I see Javascript 6 will add traditional class based inheritance, and one argument I hear is that classes are inherently much faster than prototypes because they can be optimized away by the compiler when doing (JIT) compilation to native code or to bytecode. That sort of makes sense to my mind, but I'm not nearly an advanced enough programmer to really understand this stuff.
The argument I always saw for prototypal inheritance (PI) was that it conserves memory, which is mostly a completely moot point these days. Personally, I like PI and always felt it "makes sense" in a dynamic language; like it is a luxury you can just as well afford if you already settled for the performance limitations of an interpreted dynamic language.
In C++, classes makes sense because of the limitations that comes with the C++ philosophy that everything takes a back seat to maximum possibility for performance.
Of course you can have PI in C++ and there is a well known design pattern for that, but I'm talking about built-in inheritance in a dynamic language.
If one was looking at the fastest possible implementation of prototypal inheritance in a fictional dynamic language, what would necessarily be the drawbacks with regards to performance vis-à-vis traditional classes?
What if you add the feature to the fictional language that you can specify that some objects are "final" and their prototype chain cannot be changed at runtime? (Coexisting with traditional PI) Also add optional static typing or type hinting if that helps the prototypal language.
Since this might be considered a bit of a vague question, I'm adding:
I guess I'm looking for the thoughts on the subject from people who are more clever and more interested in language theory and/or compiler/interpreter writing than me. Hope that is still an ok question.
This is not about Javascript 6 at all, I just brought it up because Javascript is the most successful prototypal language and it is interesting that they are adding native classes even though Javascript seemed to be doing fine without them (both popularity wise and having some jaw-dropping benchmark improvements in the last few years). I'm also not saying that I believe or think that Javascript is slow.
Really, I'm more interested in learning more about programming languages, possibly with the goal of some day constructing my own dynamic language.
Best Answer
There's really two things to understand:
To illustrate the first claim, Ruby would be a flagship example of class based objects being abysmally slow. The problem generally persists throughout Smalltalk-like langauges, e.g. Objective-C, that employ message passing for method calls. The Objective-C runtime uses some nifty method caching to tackle the issue, but it did take them a while to get that far.
What makes method calls cheap is that the compiler (or JIT or runtime even) has some definite knowledge about the structure of an object. Be that explicitly given in terms of language features, or implicitly inferred from static analysis, the knowledge exists and the compiler can use that to optimize.
Now when the structure can change at runtime, this makes things a little tricky, because you need good heuristics to detect which portions of the code are worth being optimized at all (you want a good ratio between the frequency of the code being run to the frequency at which it changes and the cost of optimizing it), to get the best overall runtime characteristics.
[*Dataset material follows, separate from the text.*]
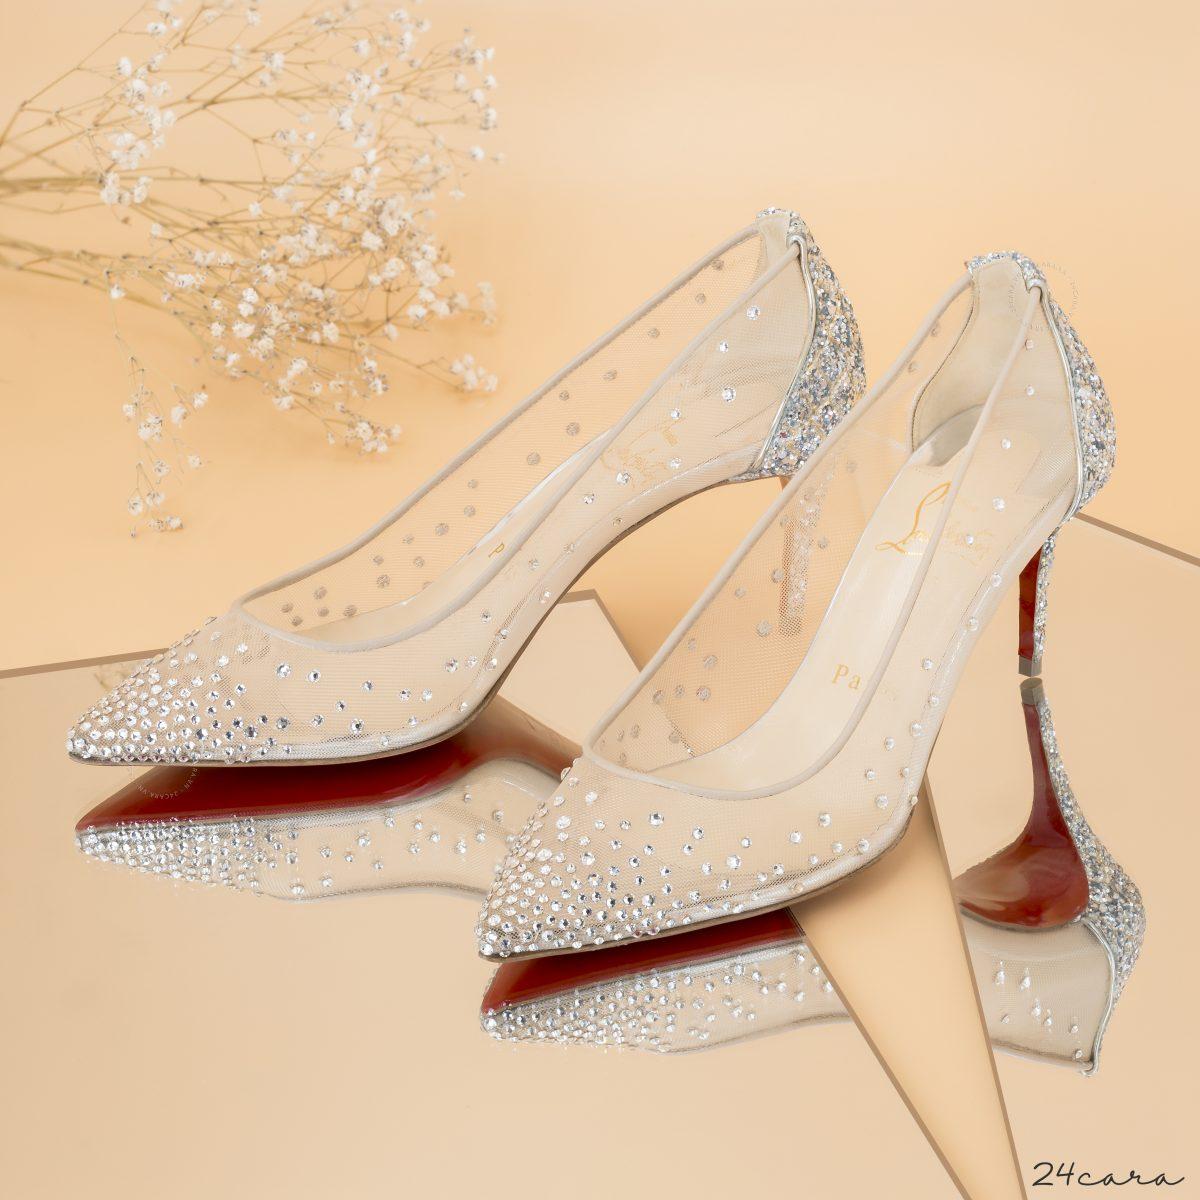 Sự tích về những mẫu giày cao gót đế đỏ Christian Louboutin

So what is the point of classes in dynamic languages? Well, there must be one, because there's numerous JavaScript class systems (like that of Ext). Sure, familiarity for programmers used to classes is one reason. But the real benefit comes from helping to ensure explicit definitions of object types. Such a class definition is one (albeit complex) statement. With vanilla JavaScript constructors, you have a whole bunch of statements, that are grouped together, if you're lucky. The class structure is really just a side effect of imperative code, if you will. Class declarations are unsurprisingly meant to facilitate a more declarative style.
It's worth to note that the Self language that really made prototypal inheritance explicit (although it's really straight forward to achieve in a language with message passing), was created for an environment where you programmed a fully interactive system while it was running. You could actually see an object on screen. This allowed for a clean declaration that was still modifiable at runtime, because the declaration and the result were so intimately coupled. Without such a coupling, fiddling with object structure at runtime can quickly become an unintelligible mess that is really hard to fit in your brain, let alone reason about.
You can pretty much get prototypal inheritance if you have good support for delegation. You just delegate all unimplemented calls to an object that you consider a prototype and you're done. It's more flexible. However it's equally harder to optimize.